Tuesday, December 02, 2014
25 Trash Bags of Christmas
Monday, December 01, 2014
Addiction
Today
is my brother's birthday and this morning I find myself missing him
dearly. He is celebrating his birthday in Texas where he is in the midst
of a personal war with addiction. Although I haven't seen him years, we
used to be close. I have scores of precious childhood memories shared
with him. Then addictive substances entered into his life, and the
brother that I knew growing up vanished, leaving a monster in his wake.
I
haven't written about my brother in the past, telling myself that it
was out of a quest to reserve his privacy. It is only recently that I
realized that my silence was stemmed in shame. He should have known
better; he should have been stronger; we should have intervened sooner.

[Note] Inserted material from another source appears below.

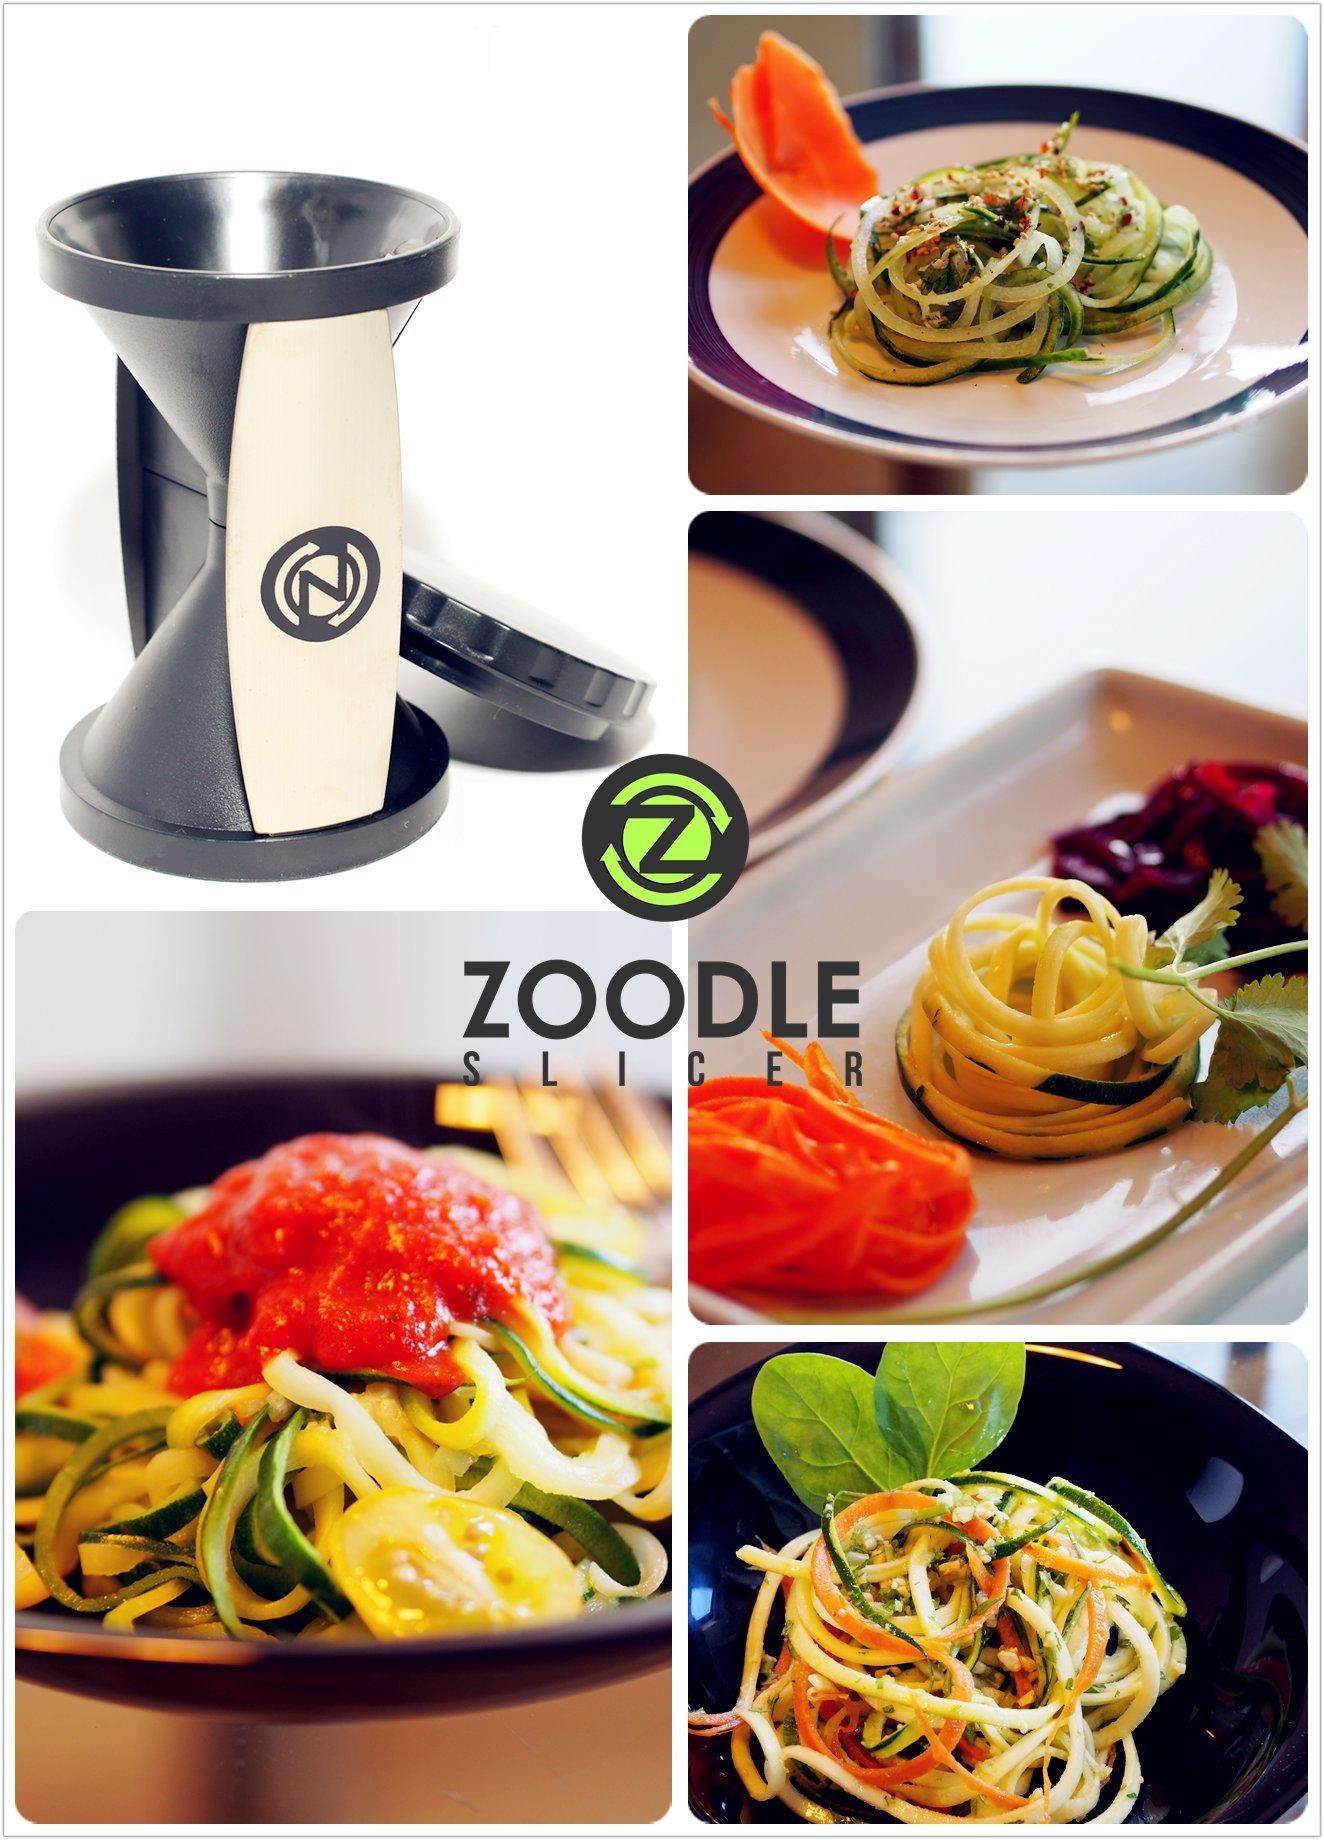 The Original Zoodle Slicer - Complete Vegetable Spiralizer Spiral Slicer Bundle (With Cleaning Brush, Peeler & eBook) by Zoodle Slicer (Image #3)

In some situations, hindsight only increases the pain. Letting go and
letting him battle his demons has changed everybody in our family.
I
have come to accept that I need to let him fight his battle and hope
that someday he will return to my life. I will always keep my arms open
but my heart guarded. The pain of watching him slip into relapse is
torturous. I will never give up hope because in this situation, that is
really my only option.
I turned 40 and realized that I
no longer have a need to hide behind social conventions. So many are
living through similar battles in our families, yet we are mute on the
issue. In my situation the silence stemmed from embarrassment. I'm not
embarrassed by my brother. I have seen him journey through hell as he
fought to become and remain sober. I realized that the embarrassment
rose from the desire to convey a mythical vision of family life.
Our
family is not perfect. We are a group of flawed individuals who are
trying to muddle our way through life. We are most certainly not the
Cunningham's (from Happy Days, my standard of familial perfection as a
child.) I'm tired of trying to conceal our dysfunction. Hiding in shame
and embarrassment is only perpetuating the isolation that those who love
an addict suffer.
My brother is fighting addiction,
and I still I love him dearly. Sometimes I am so angry at him I want to
pull my hair out. At other times my heart breaks when I reflect on the
potential that is lost. Through all the tears shed and sleepless
nights, I will always hope that this time he will find his way to
recovery. I doubt he'll have a birthday cake this year, so I'll make his
birthday wish on his behalf. May this year be the one in which he
recovers.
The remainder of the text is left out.